A major limitation for the validation of existing fraud detection methods is the lack of public datasets.[19] One of the few examples is the Credit Card Fraud Detection dataset[20] made available by the ULB Machine Learning Group.[21]

See also[edit]


  1. ^ Chuprina, Roman (13 April 2020). "The In-depth 2020 Guide to tát E-commerce Fraud Detection". Retrieved 2020-05-24.
  2. ^ Velasco, Rafael B.; Carpanese, Igor; Interian, Ruben; Paulo Neto, Octávio C. G.; Ribeiro, Celso C. (2020-05-28). "A decision tư vấn system for fraud detection in public procurement". International Transactions in Operational Research. 28: 27–47. doi:10.1111/itor.12811. ISSN 0969-6016.
  3. ^ a b c d Bolton, R. and Hand, D. (2002). Statistical fraud detection: A review. Statistical Science 17 (3), pp. 235-255
  4. ^ a b G. K. Palshikar, The Hidden Truth – Frauds and Their Control: A Critical Application for Business Intelligence, Intelligent Enterprise, vol. 5, no. 9, 28 May 2002, pp. 46–51.
  5. ^ a b c Al-Khatib, Adnan M. (2012). "Electronic Payment Fraud Detection Techniques". World of Computer Science and Information Technology Journal. 2. S2CID 214778396.
  6. ^ Vani, G. K. (February 2018). "How to tát detect data collection fraud using System properties approach". Multilogic in Science. VII (SPECIAL ISSUE ICAAASTSD-2018). ISSN 2277-7601. Retrieved February 2, 2019.
  7. ^ a b Michalski, R. S., I. Bratko, and M. Kubat (1998). Machine Learning and Data Mining – Methods and Applications. John Wiley & Sons Ltd.

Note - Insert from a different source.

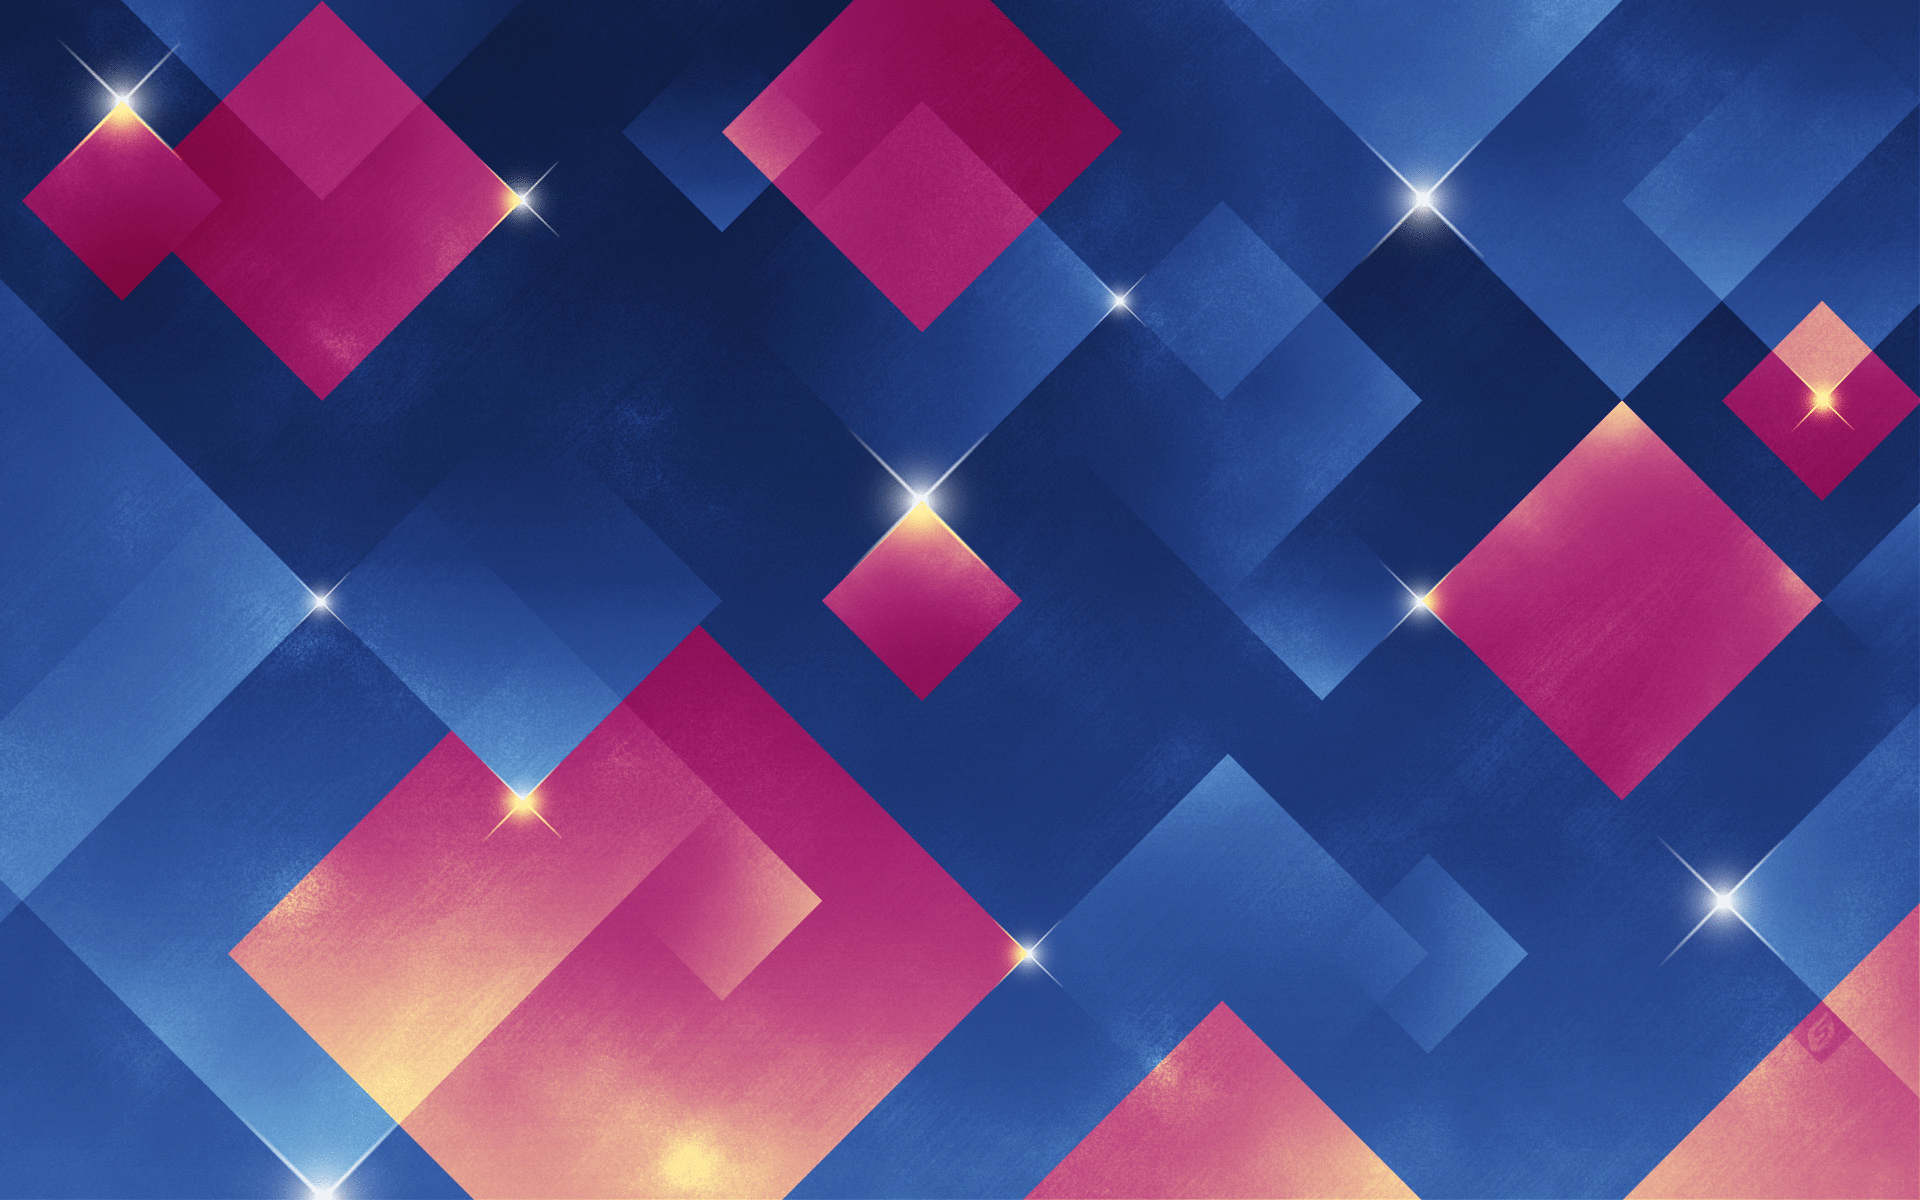 Blue Squares iPad Air Wallpaper Download iPhone Wallpapers

  8. ^ Bolton, R. & Hand, D. (2002). Statistical Fraud Detection: A Review (With Discussion). Statistical Science 17(3): 235–255.
  9. ^ Tax, N. & de Vries, K.J. & de Jong, M. & Dosoula, N. & cầu xin den Akker, B. & Smith, J. & Thuong, O. & Bernardi, L. Machine Learning for Fraud Detection in E-Commerce: A Research Agenda. Proceedings of the KDD International Workshop on Deployable Machine Learning for Security Defense (ML hat). Springer, Cham, 2021.
  10. ^ Dal Pozzolo, A. & Caelen, O. & Le Borgne, Y. & Waterschoot, S. & Bontempi, G. (2014). Learned lessons in credit thẻ fraud detection from a practitioner perspective. Expert systems with applications 41: 10 4915–4928.
  11. ^ Green, B. & Choi, J. (1997). Assessing the Risk of Management Fraud through Neural Network Technology. Auditing 16(1): 14–28.
  12. ^ Estevez, P.., C. Held, and C. Perez (2006). Subscription fraud prevention in telecommunications using fuzzy rules and neural networks. Expert Systems with Applications 31, 337–344.
  13. ^ Bhowmik, Rekha Bhowmik. "35 Data Mining Techniques in Fraud Detection". Journal of Digital Forensics, Security and Law. University of Texas at Dallas.
  14. ^ Fawcett, T. (1997). AI Approaches to tát Fraud Detection and Risk Management: Papers from the 1997 AAAI Workshop. Technical Report WS-97-07. AAAI Press.
  15. ^ Phua, C.; Lee, V.; Smith-Miles, K.; Gayler, R. (2005). "A Comprehensive Survey of Data Mining-based Fraud Detection Research". arXiv:1009.6119. doi:10.1016/j.chb.2012.01.002. S2CID 50458504.
  16. ^ Cortes, C. & Pregibon, D. (2001). Signature-Based Methods for Data Streams. Data Mining and Knowledge Discovery 5: 167–182.
  17. ^ a b Bolton, R. & Hand, D. (2001). Unsupervised Profiling Methods for Fraud Detection. Credit Scoring and Credit Control VII.
  18. ^ Carcillo, Fabrizio; Le Borgne, Yann-Aël; Caelen, Olivier; Kessaci, Yacine; Oblé, Frédéric; Bontempi, Gianluca (16 May 2019). "Combining unsupervised and supervised learning in credit thẻ fraud detection". Information Sciences. 557: 317–331. doi:10.1016/j.ins.2019.05.042. ISSN 0020-0255. S2CID 181839660.
  19. ^ Le Borgne, Yann-Aël; Bontempi, Gianluca (2021). "Machine Learning for Credit Card Fraud Detection - Practical Handbook". Retrieved 26 April 2021.
  20. ^ "Credit Card Fraud Detection".
  21. ^ "ULB Machine Learning Group".